## [Data block]
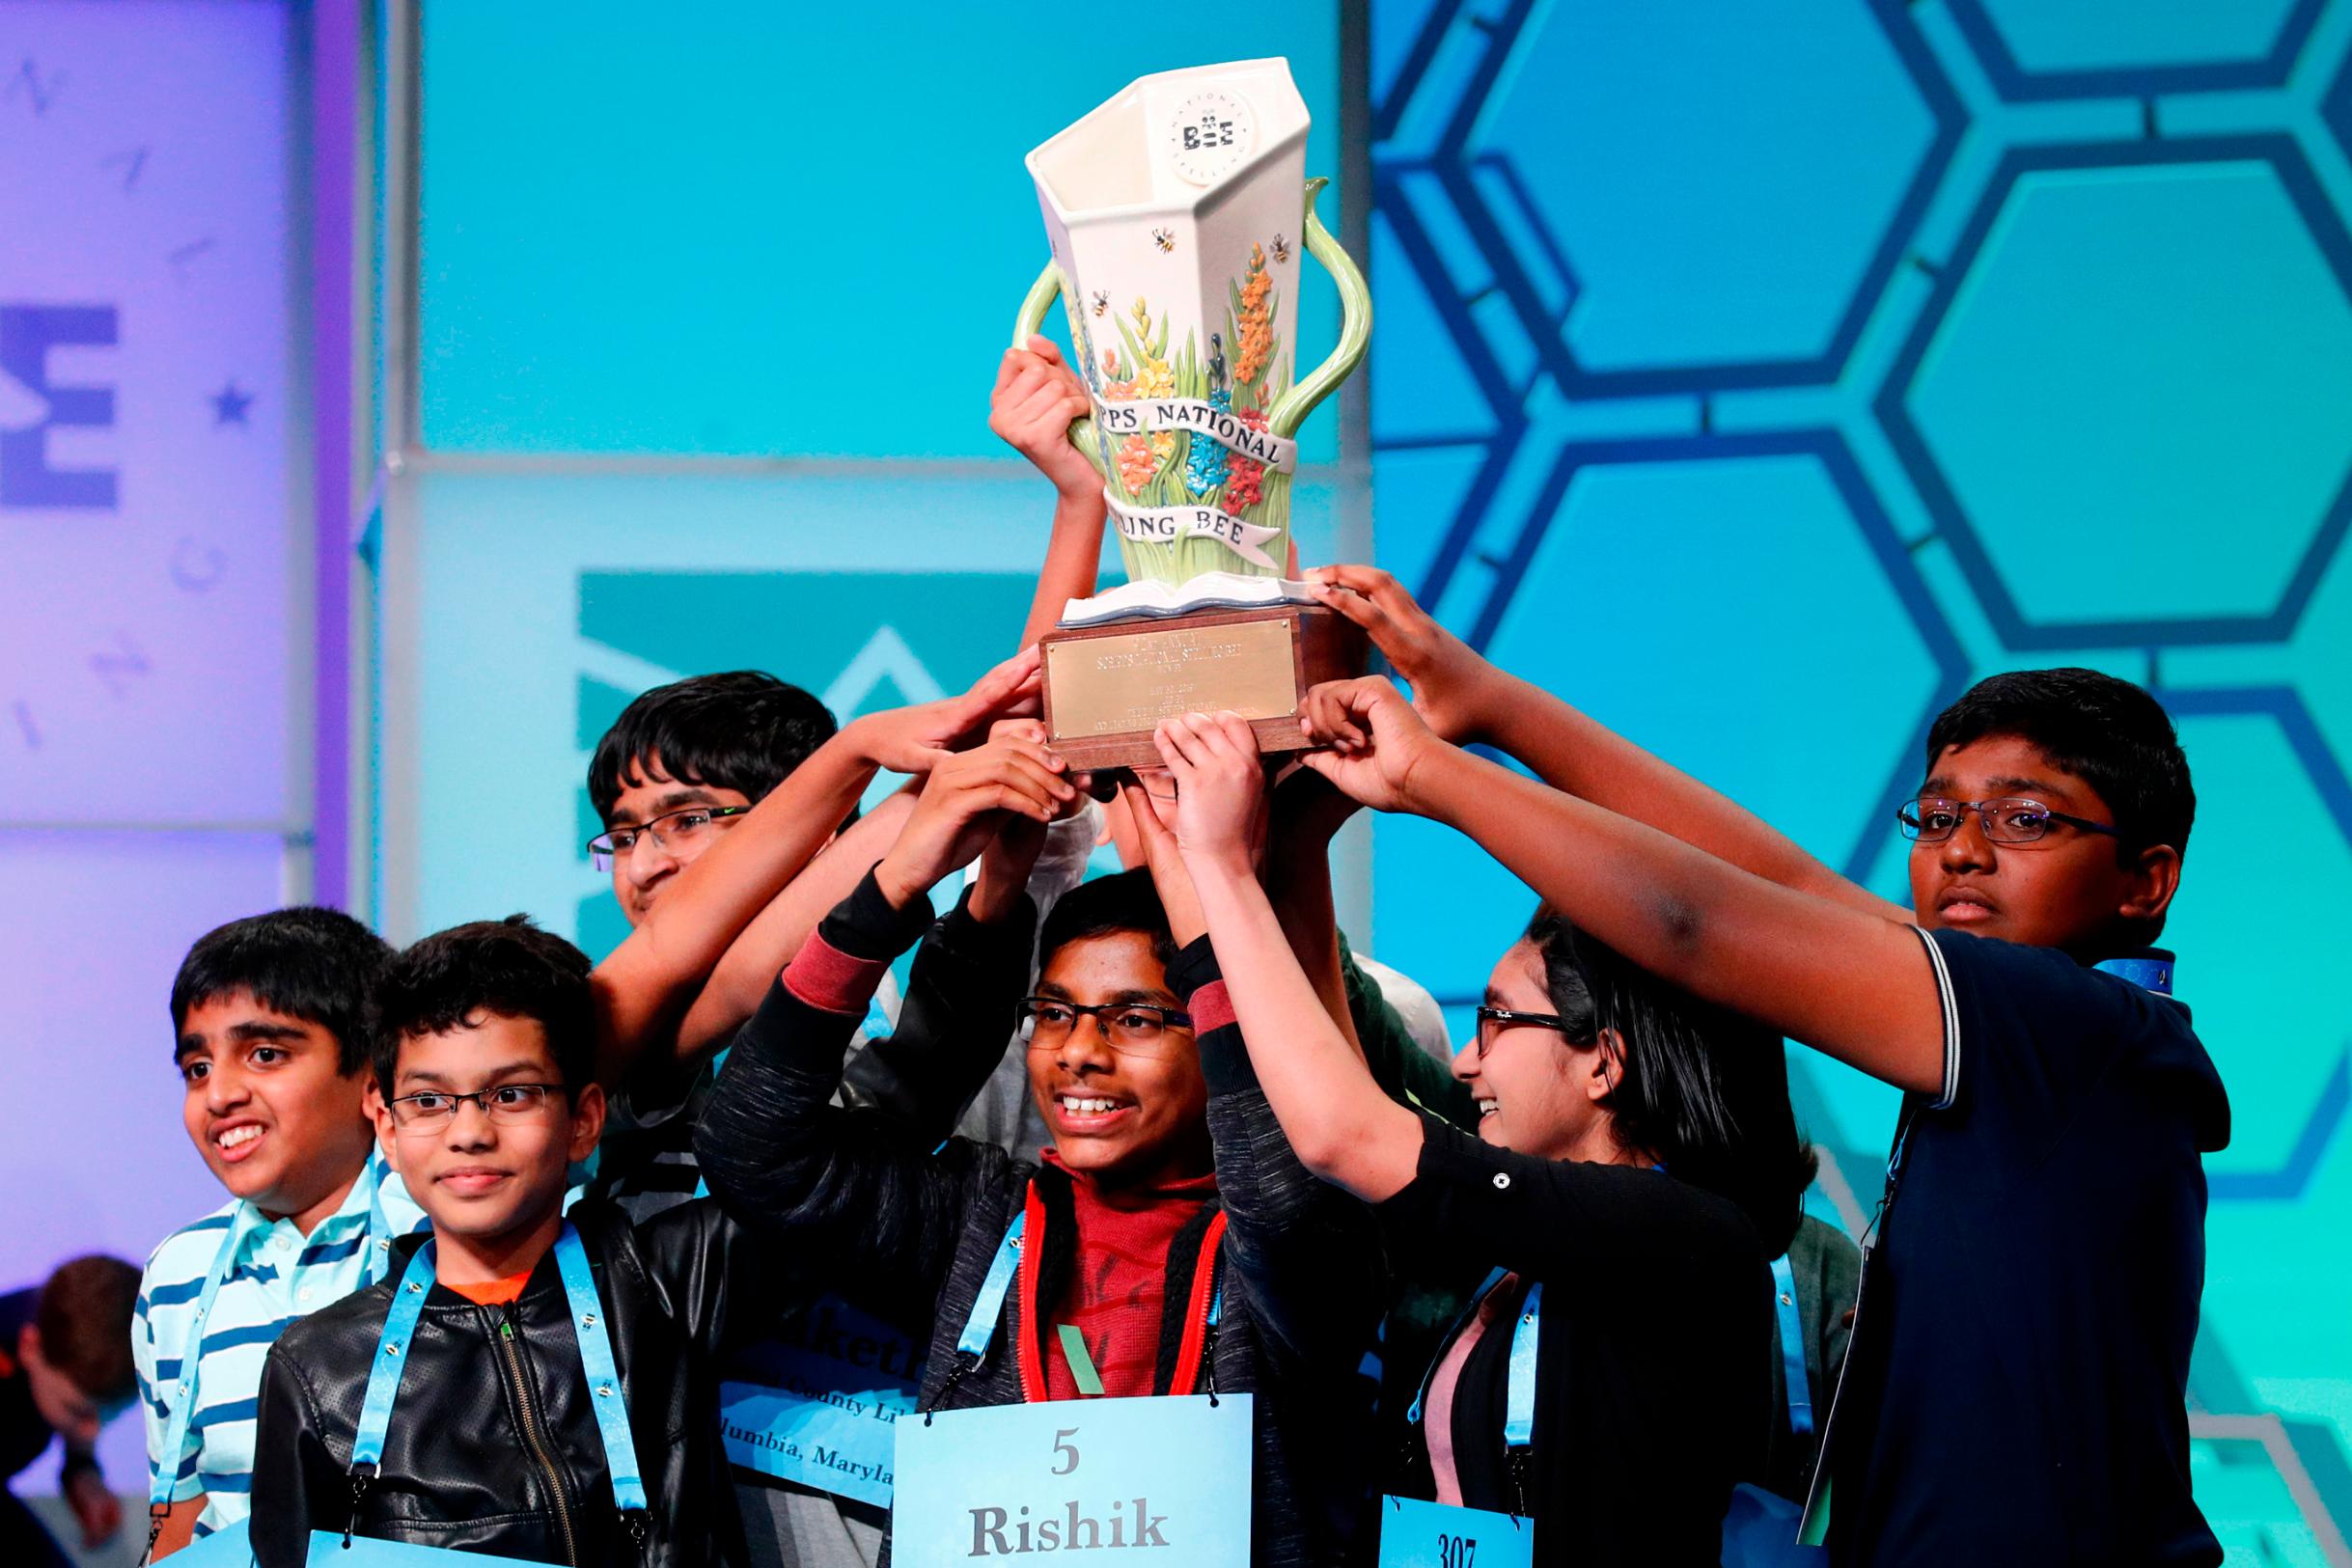 Spelling Bee has 8 champions | CNN
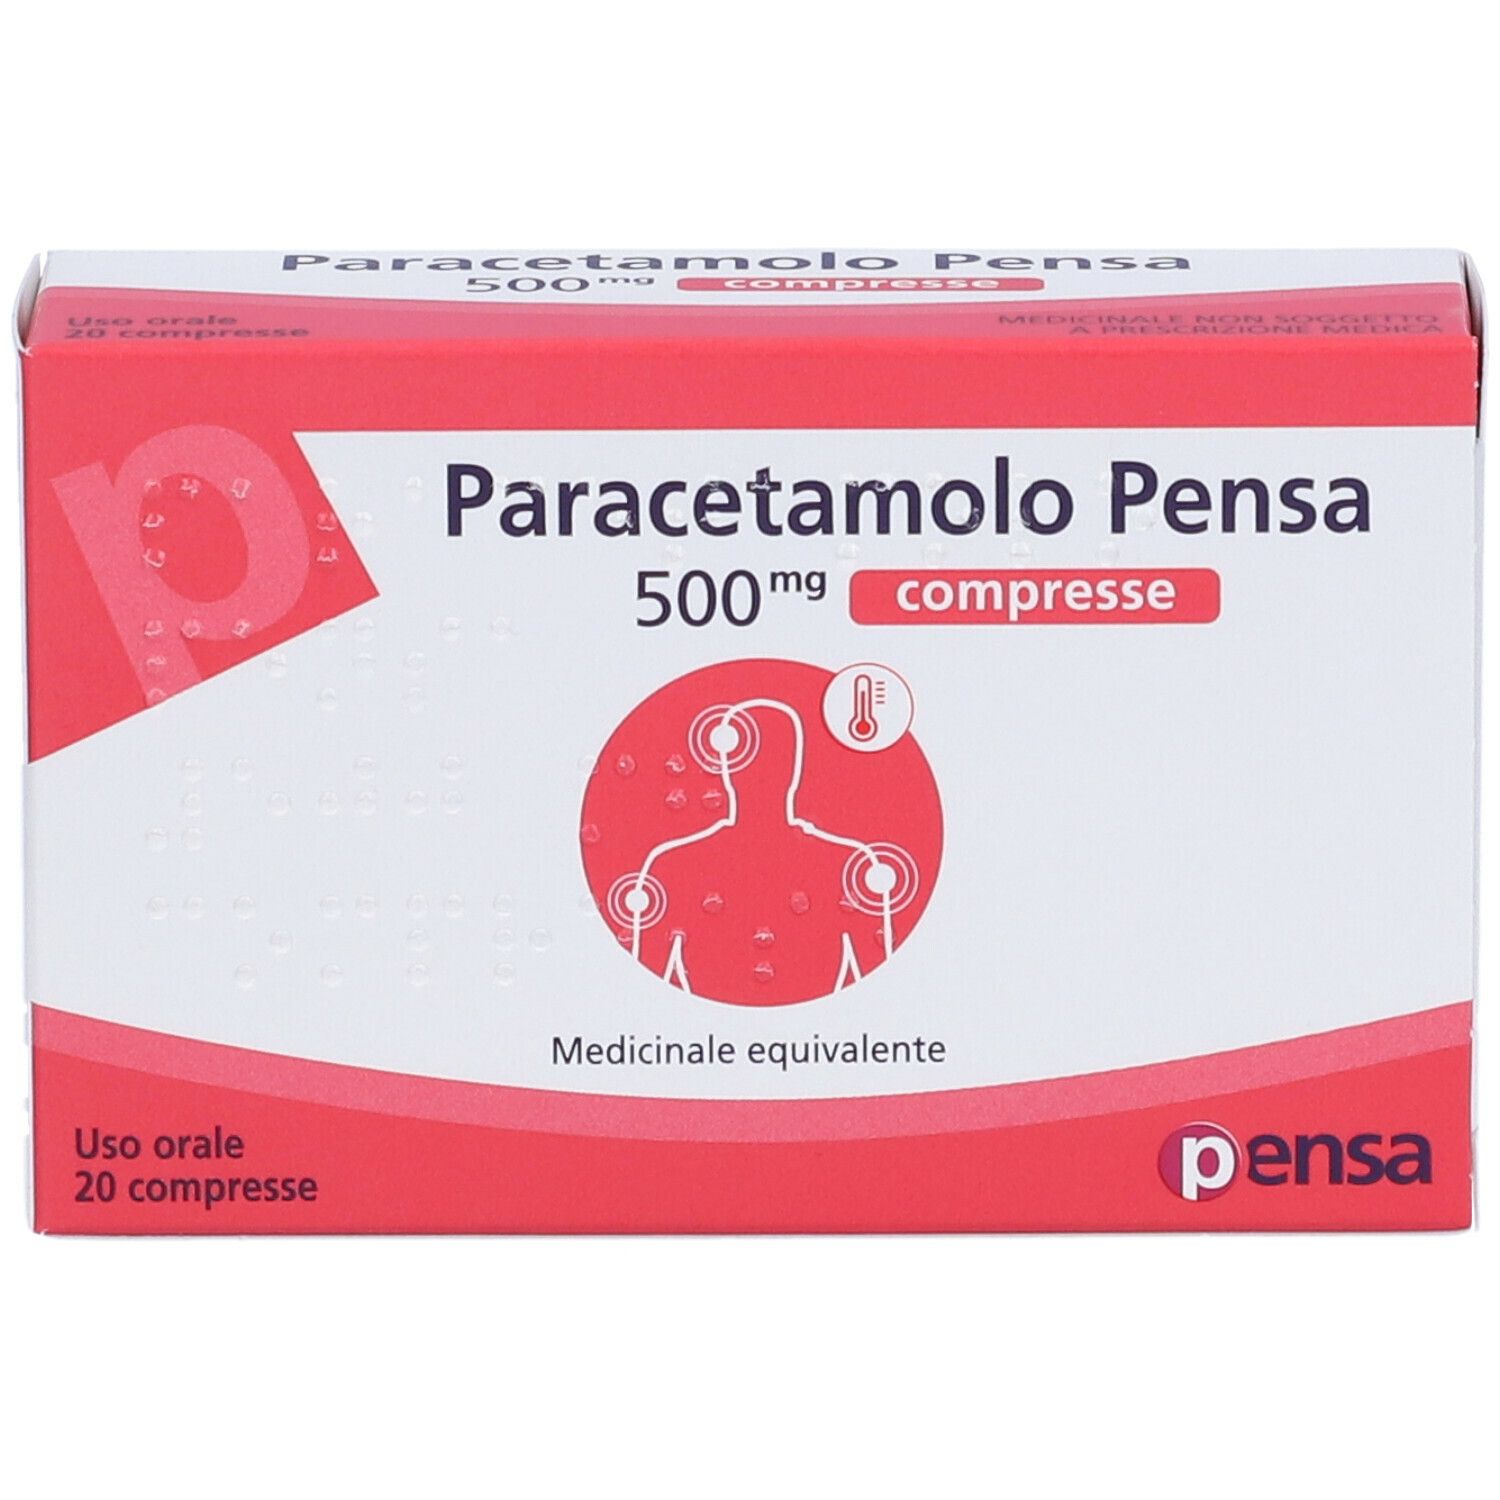 Paracetamolo pensa 20 Compresse 500 mg
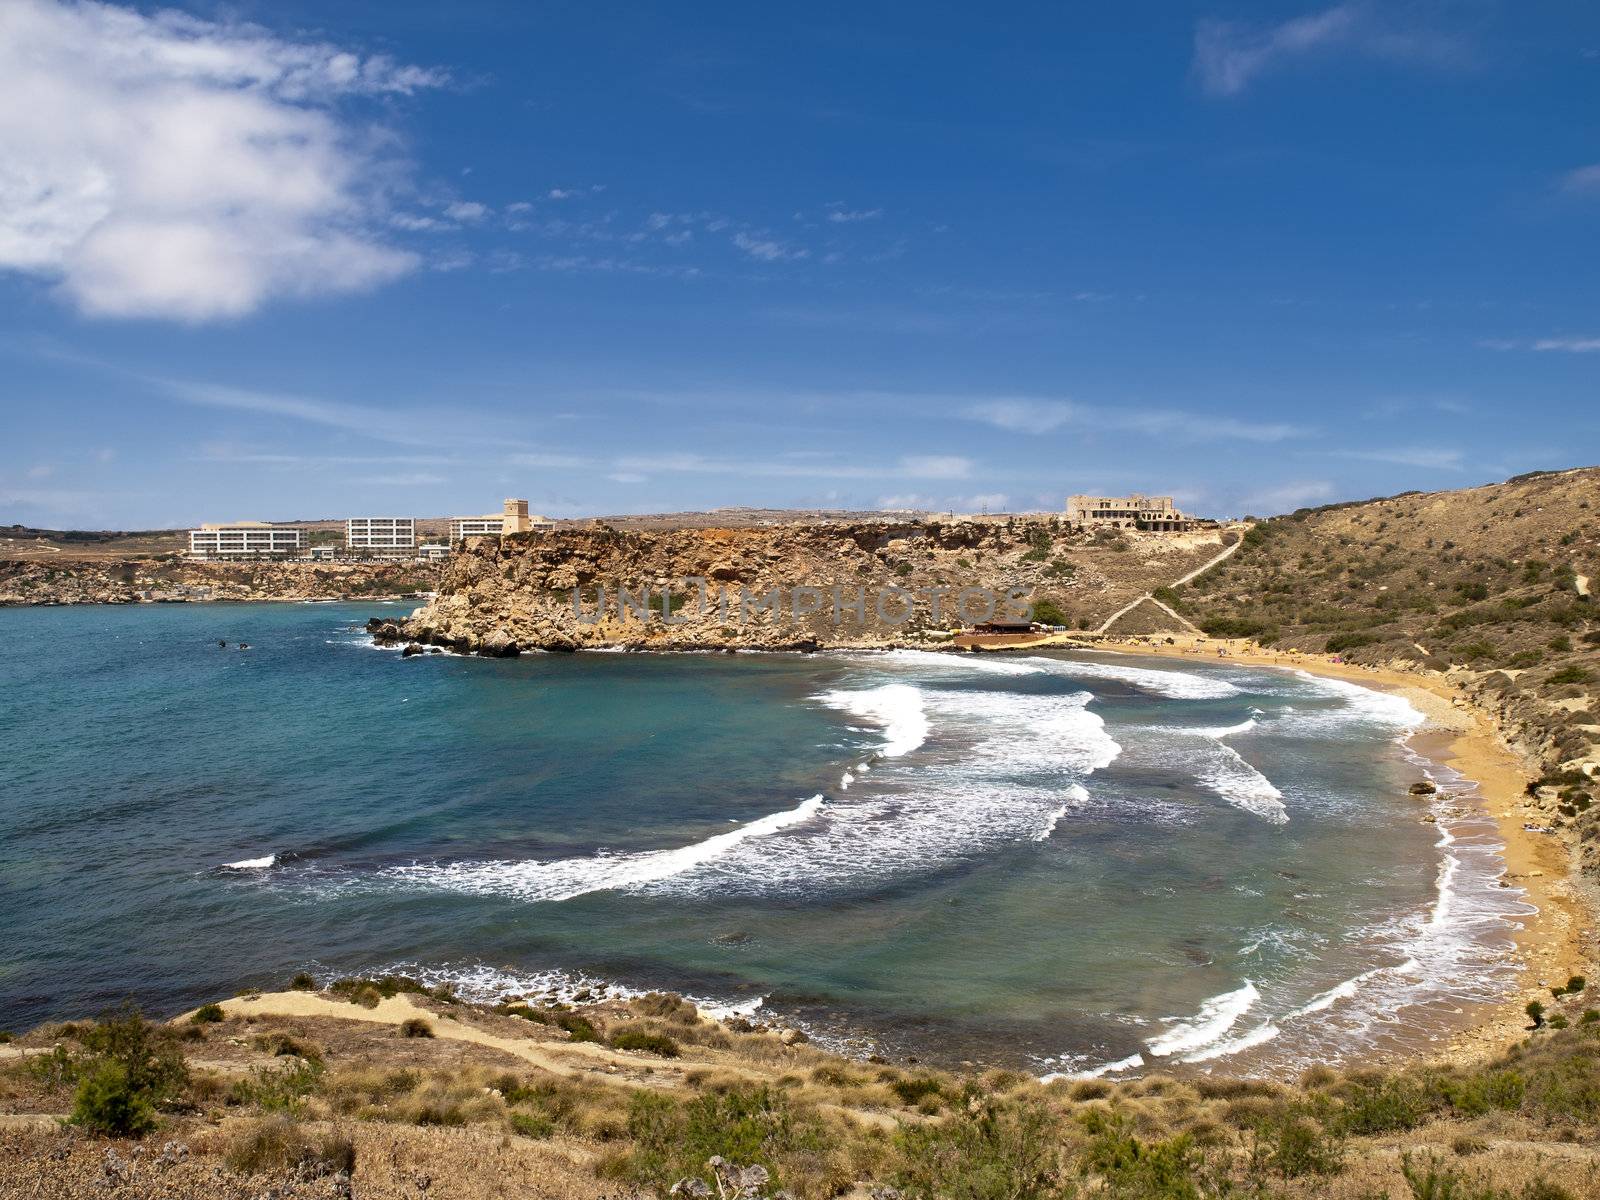 Ghajn Tuffieha Bay is one of the most beautiful and idyllic beaches on the island of Malta

## [Task]
Would you repeat the complete listing exactly, excluding each picture it holds?

## [Response below]
 Spelling Bee has 8 champions | CNN
 Paracetamolo pensa 20 Compresse 500 mg
 Ghajn Tuffieha Bay is one of the most beautiful and idyllic beaches on the island of Malta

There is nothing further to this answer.